■ **Work request**:
The answer is the line with "Cale de fenêtre" and every line after it to the end of the listing, retyped exactly. Pictures do not belong in it.

■ **Collected data**:
※ ※ ※

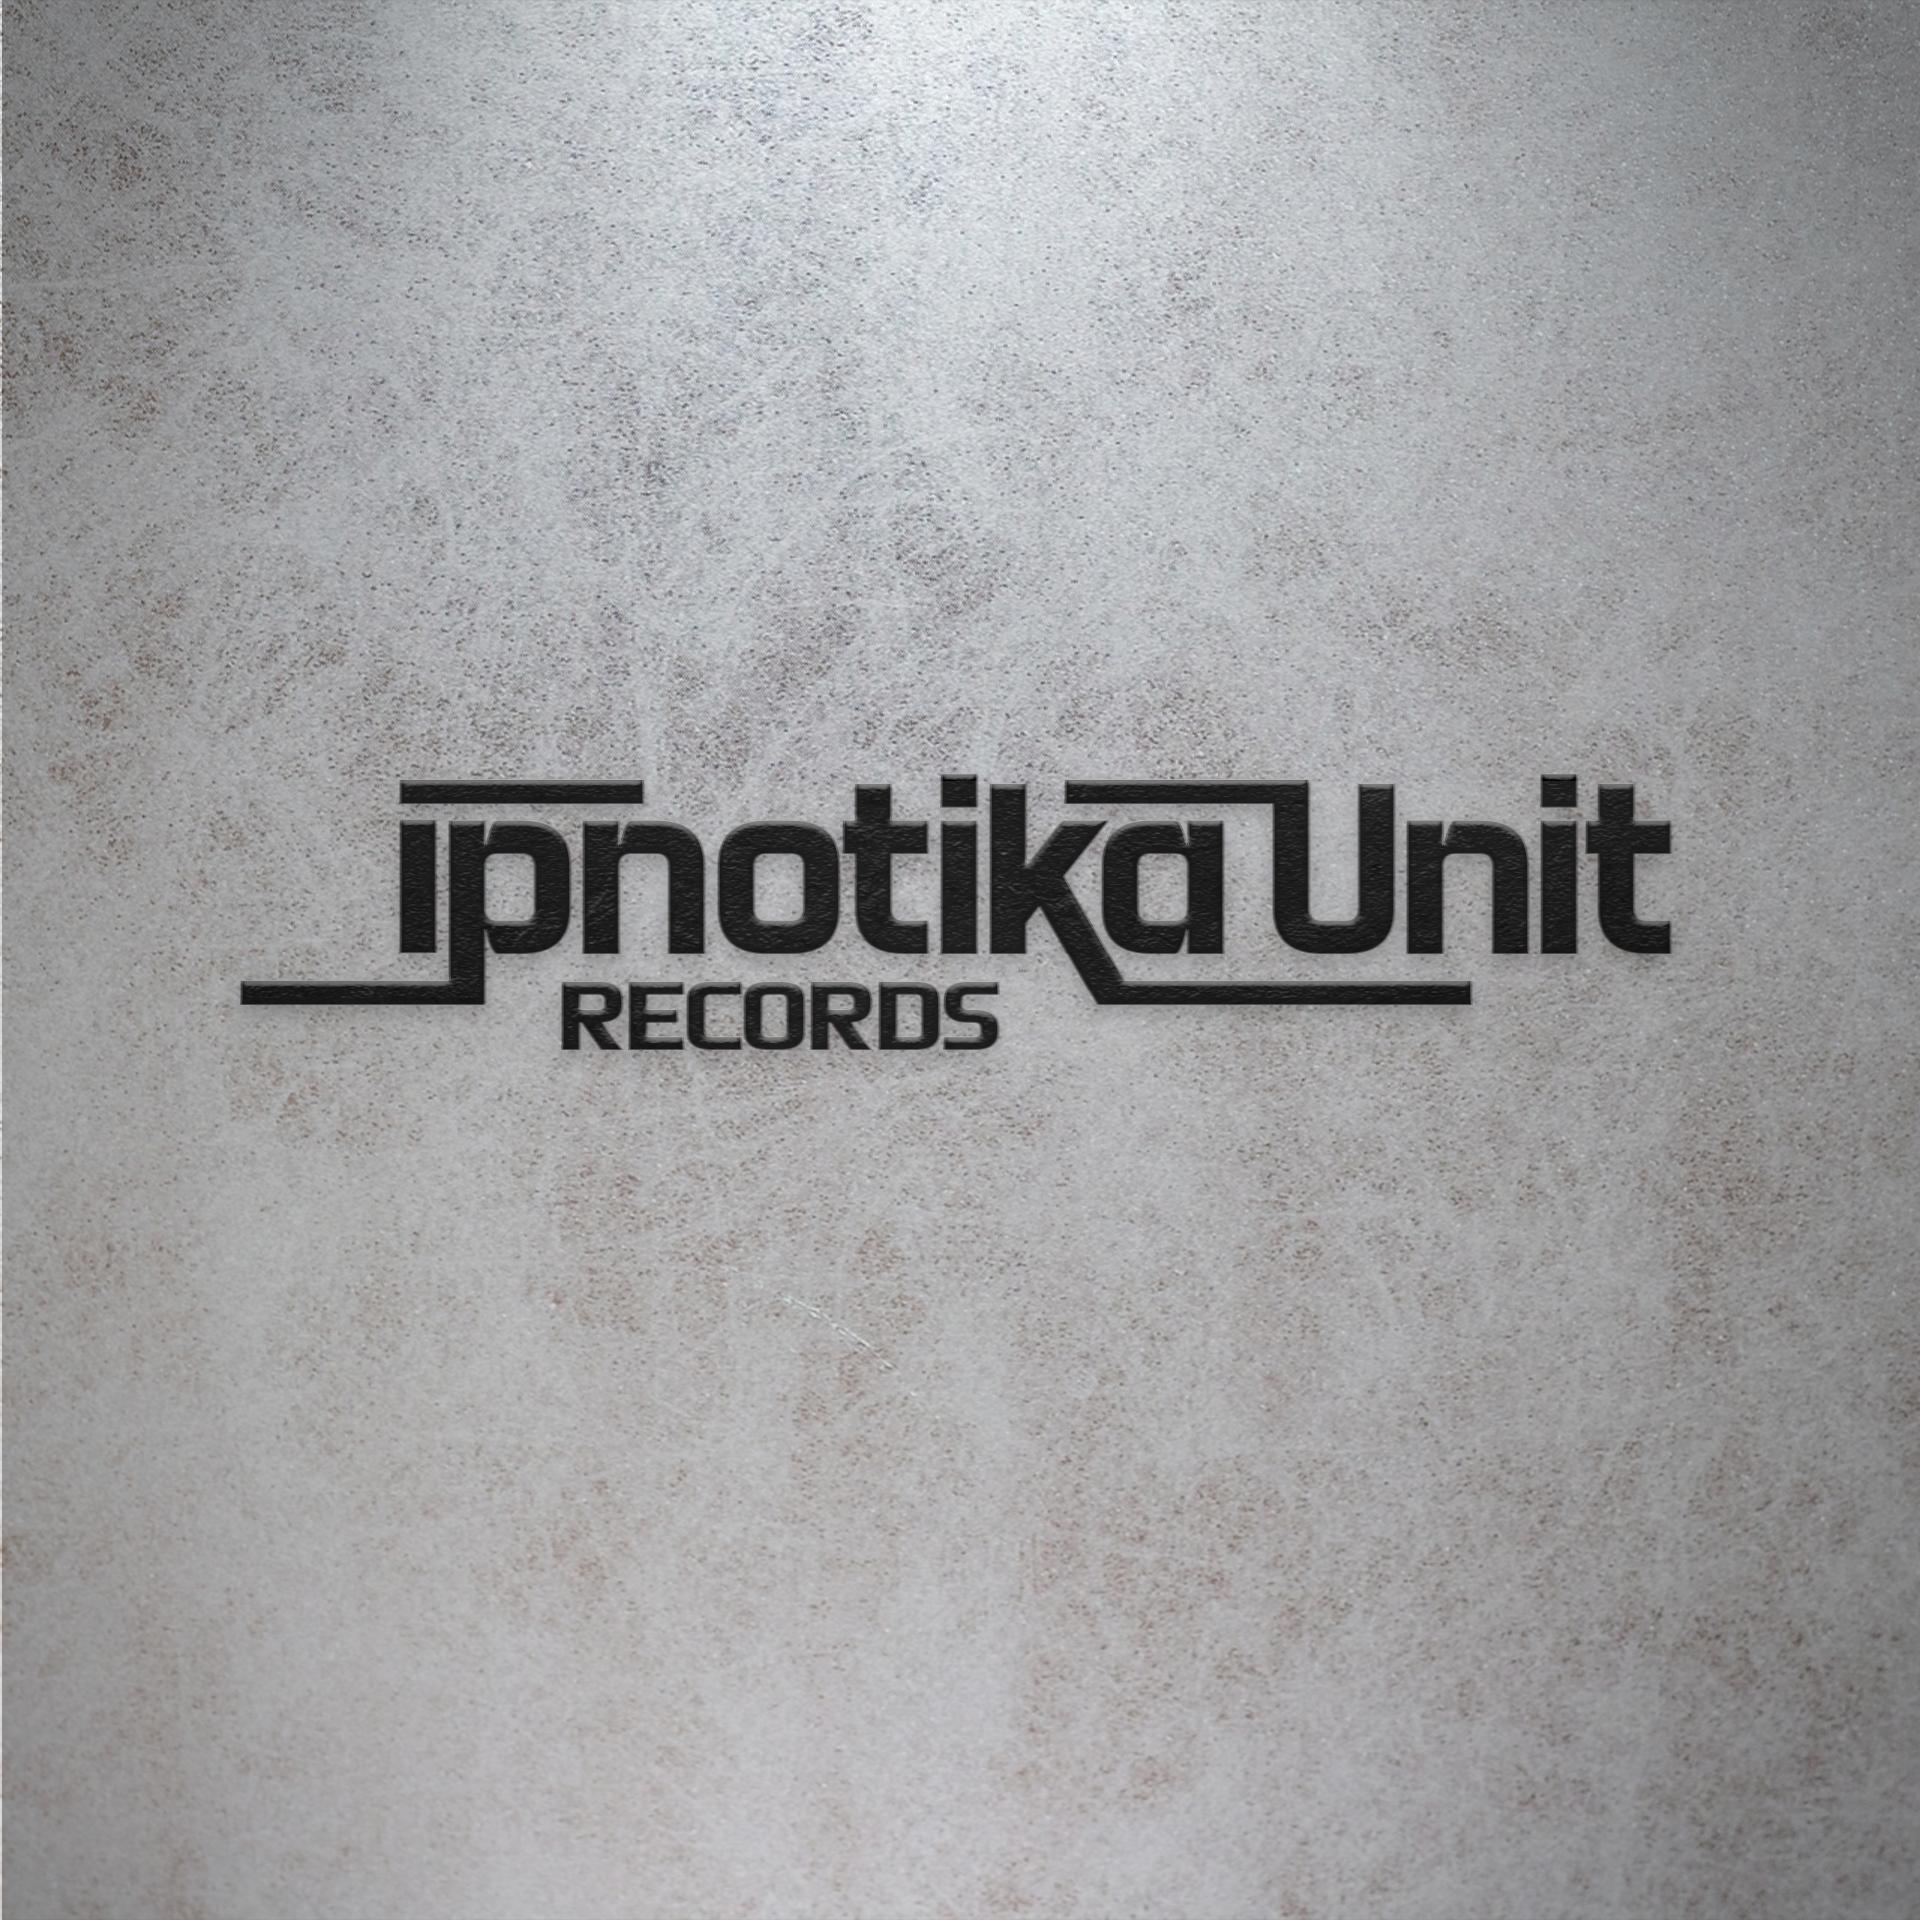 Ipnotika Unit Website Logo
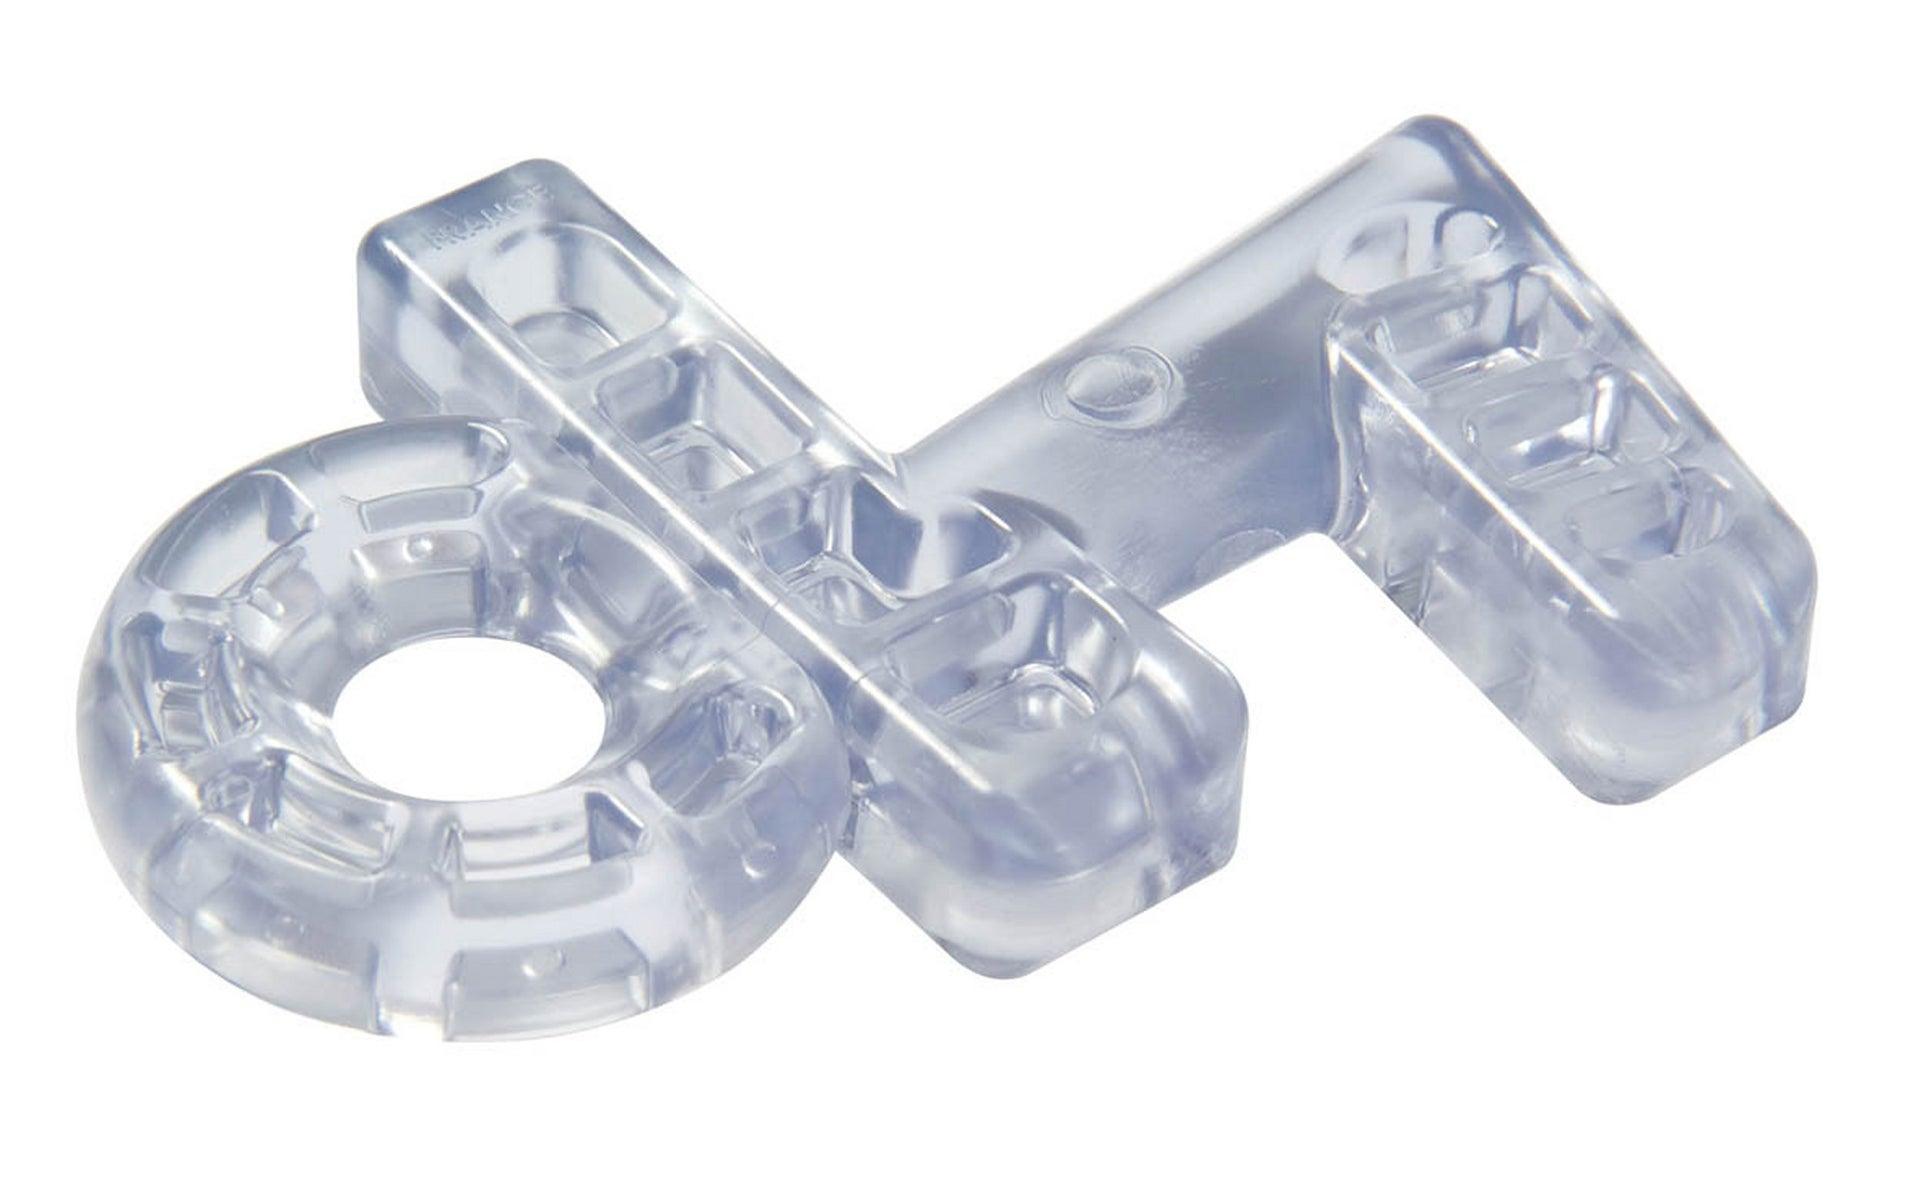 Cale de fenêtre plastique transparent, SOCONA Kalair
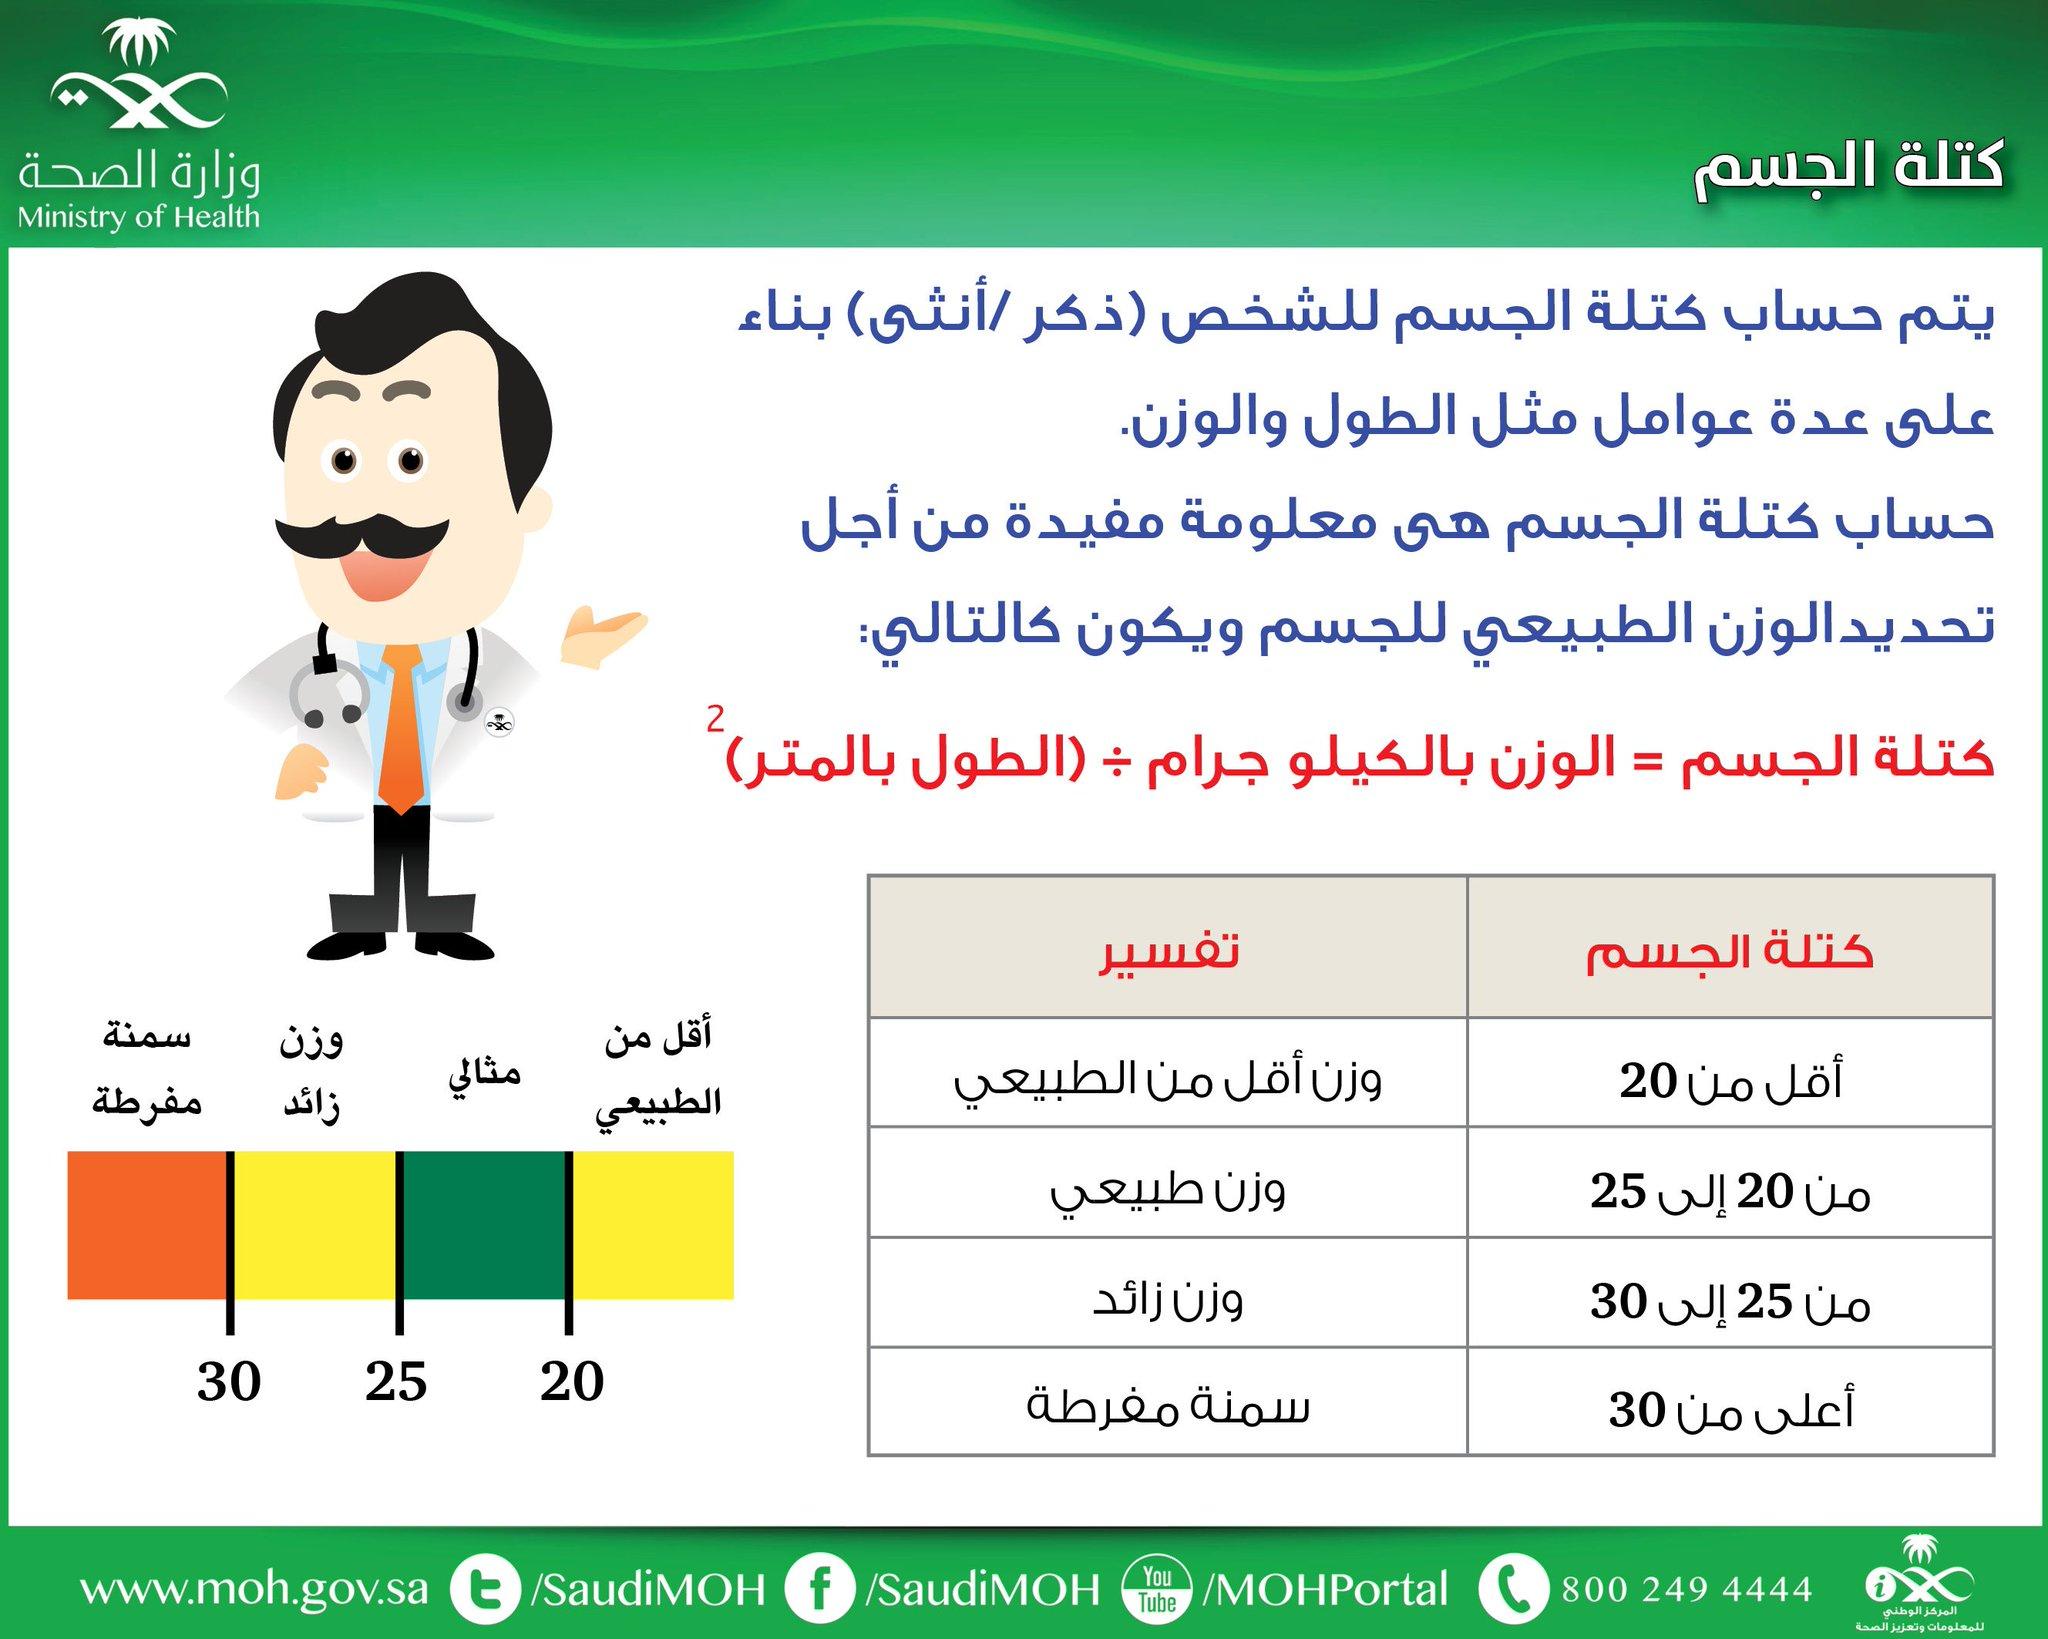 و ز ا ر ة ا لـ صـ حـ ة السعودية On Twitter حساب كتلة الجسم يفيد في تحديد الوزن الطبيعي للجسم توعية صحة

※ ※ ※

■ **Output of the exercise**:
 Cale de fenêtre plastique transparent, SOCONA Kalair
 و ز ا ر ة ا لـ صـ حـ ة السعودية On Twitter حساب كتلة الجسم يفيد في تحديد الوزن الطبيعي للجسم توعية صحة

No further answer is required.